Monday, November 14, 2011
DON'T KNOW WHY
This year, Veteran's day was harder than it has been for the last couple of years. I'm not sure why. I stayed pretty much at home. And Kathi was at work. I managed to get a little work done in the garage. But it was hard to not cry.
My nephew has been gone for a couple years now. My sister and brother in-law are still having a hard time of it. I know that it takes time, lots of time, to get over the loss of a loved one. And some never get over the loss.
And then there is their grandchild (he's a cute little bugger) and the widow of 21-years-old that he left behind. He joined the Army, and he was very proud. One of the reasons he joined was that he had lost a couple of friends in Afghanistan and he wanted to do his part. His Dad, a Vietnam- era vet, did his time in the Army. He was, and still is, proud of his lost son.
Me? I never served. I wish that I had. But back then I was a little too wild -- or as some said, " radical." When Vietnam was going on I wasn't against the war, I just did not understand it. My Dad told me that if I was "called to serve" he would have rather sent me to Canada. He had served in the Air Force during Korea.
Now, please don't jump in and say that my Dad is unpatriotic. His view was that the politicians were running the war, instead of the military, but that the military should have been running it instead of Johnson and the other politicians of that time.
I grew up saying the Pledge of Allegiance every morning in grade school. We hid under our desks for air raid drills. There were the civil defense guys in your neighborhood. All these years later, do they even say the Pledge of Allegiance in the schools anymore?
But, I digress.
I watched my nephew grow from a child to a man. We shared hunting trips, fishing, and camping. I enjoyed just being his uncle, joking, poking fun, pulling pranks. I enjoyed the holidays spent with that side of the family. We had some real good times.
We laughed at Grandpa with the cactus spines in his behind. At calling my nephew "bear bait" 'cause of all the candy wrappers he had in his tent, and we had a bear come into camp. (That scared the you know what out of him!)
When he turned 17, I took him out to get his ear pierced, 'cause that is what he wanted, though his dad didn't really want him to. His dad gave in, as long as that was ALL he had pierced. So, being the dutiful uncle, I took him for the piercing.

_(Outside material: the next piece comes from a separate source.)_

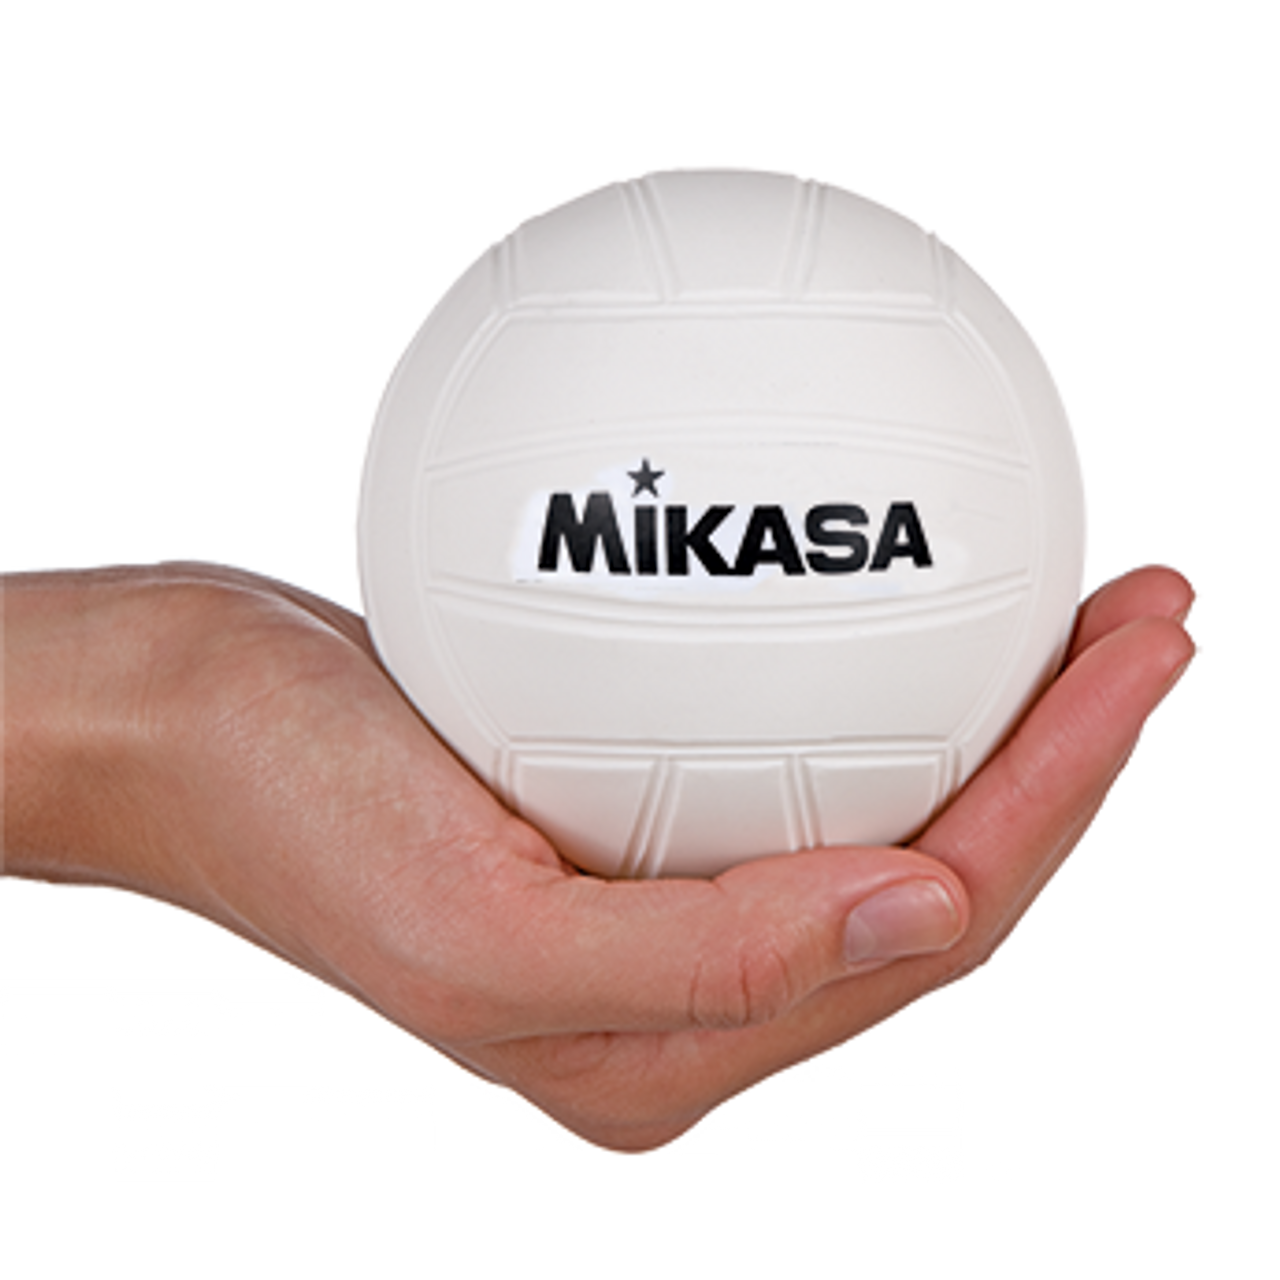 mini volleyball

After he had his ear done, we saw some of those fake pierce rings, like for your belly button or your nose. Well, I popped for some extra ones. I got him two for his nipples, one for his belly button, and one for his nose.

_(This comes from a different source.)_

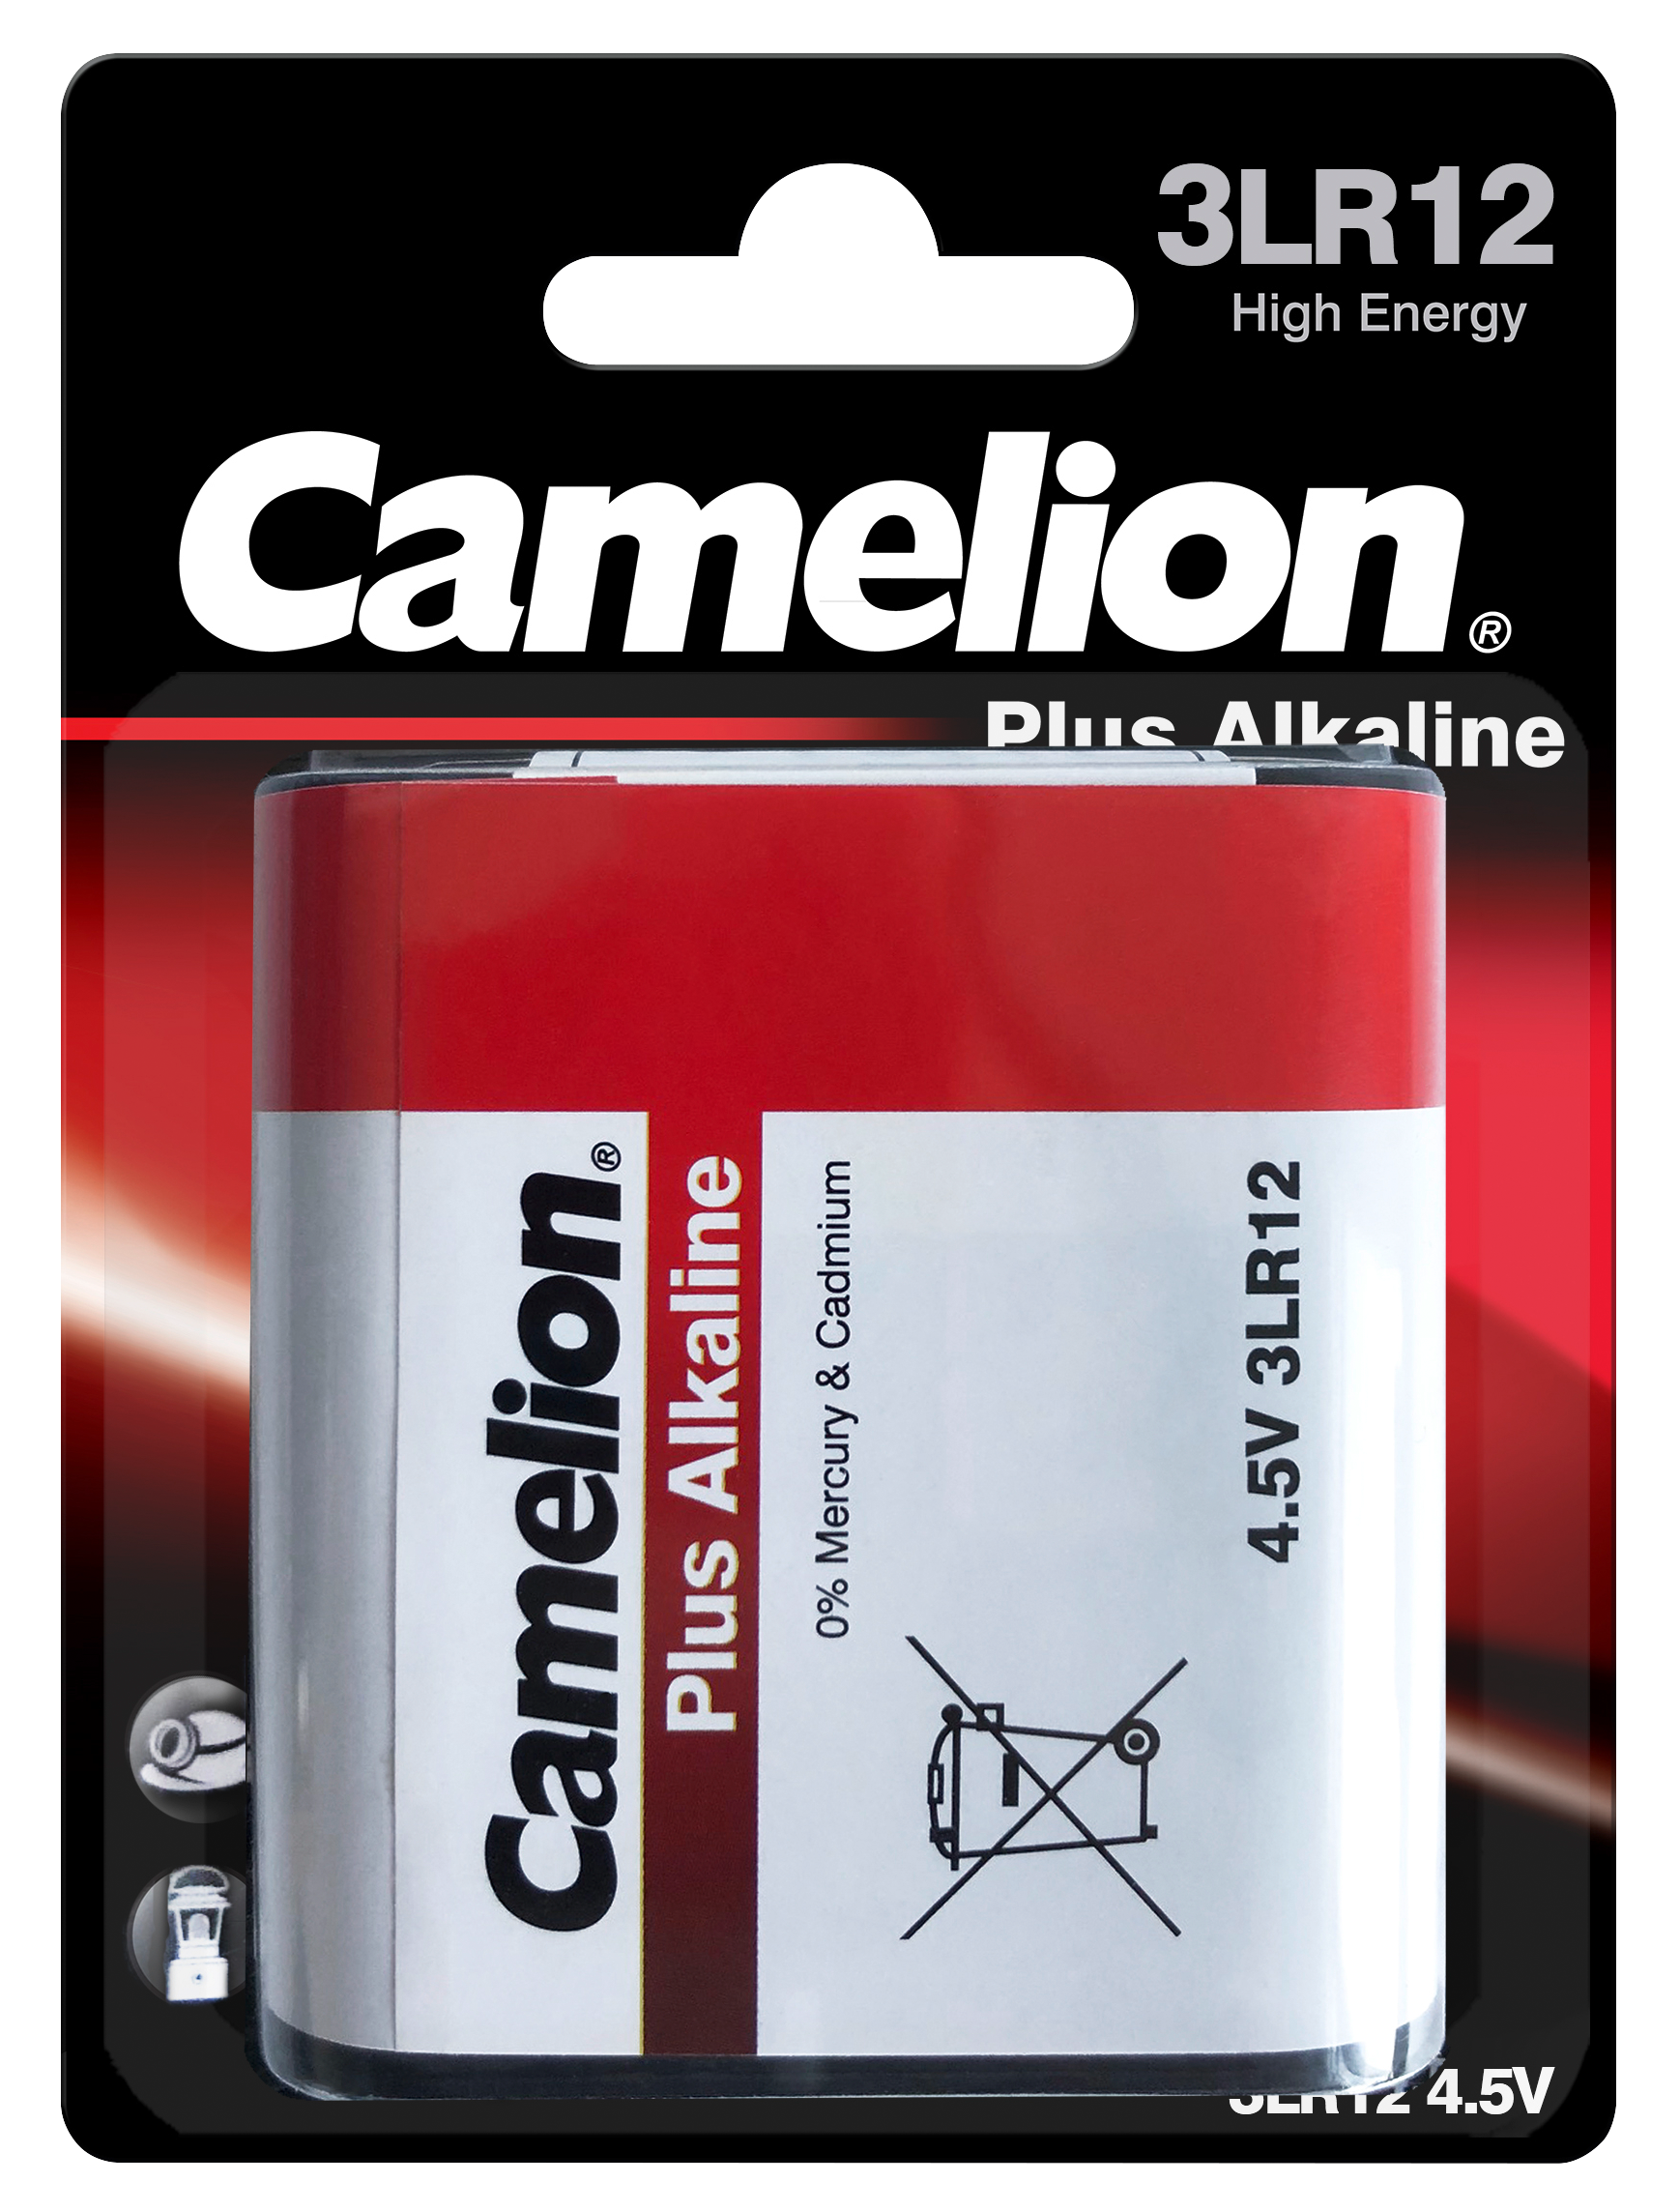 Flachbatterie CAMELION Plus Alkaline 4,5 V, Typ 3LR12

Well, when I got him home, he couldn't keep a straight face. I gave him a hard time, and told him he had to keep it real for his parents. We walked in the door, and my sister about had a fit. The first thing she saw was the nose ring. His dad heard her holler and he about fainted. Then my nephew said, "Well, you might as well see the rest of them," and he lifted his shirt. I thought that we both kept it together pretty well. I told his parents that they had a special going on and it seemed like a good deal at the time.
His dad turned a darker shade of red. My nephew and I started to laugh. He than pulled the ring off his belly, plucked the two nipple rings off, and tossed them all to his dad. I thought that I was going to be asked to leave and never come back.
That's how Grant, my nephew, was: a fun-loving kid. And I can't get over how I miss him. And his little boy, my great nephew, is a lot like his Dad. You can see it in his eyes. And I really feel for my sister and brother in-law, and for the rest of my family.
It still hurts.
My son (Grant's cousin) goes to see his cousin at the cemetary. He always makes his mom bring flowers, and he still asks about his cousin Grant.
I don't know why this Veterans Day was so rough. But I'm proud, and glad that I have had the chance to meet the young men from his outfit. I have heard some of the stories about my nephew from those guys, and of the things he said and did. How he always had time to help "his" guys. How they loved him. And to hear the stories he told them of me (his uncle), and the fun and crazy things that we had done, as well as some of the times he spent with his parents and the rest of our family.
So, yes, this Veterans Day was tough, and I'm sure that there will be more. It makes me think of all the others who have gone before and after him. Of the ones who have served, and the ones who are serving now.
Bless every one of you. And thank you, from the bottom of my heart.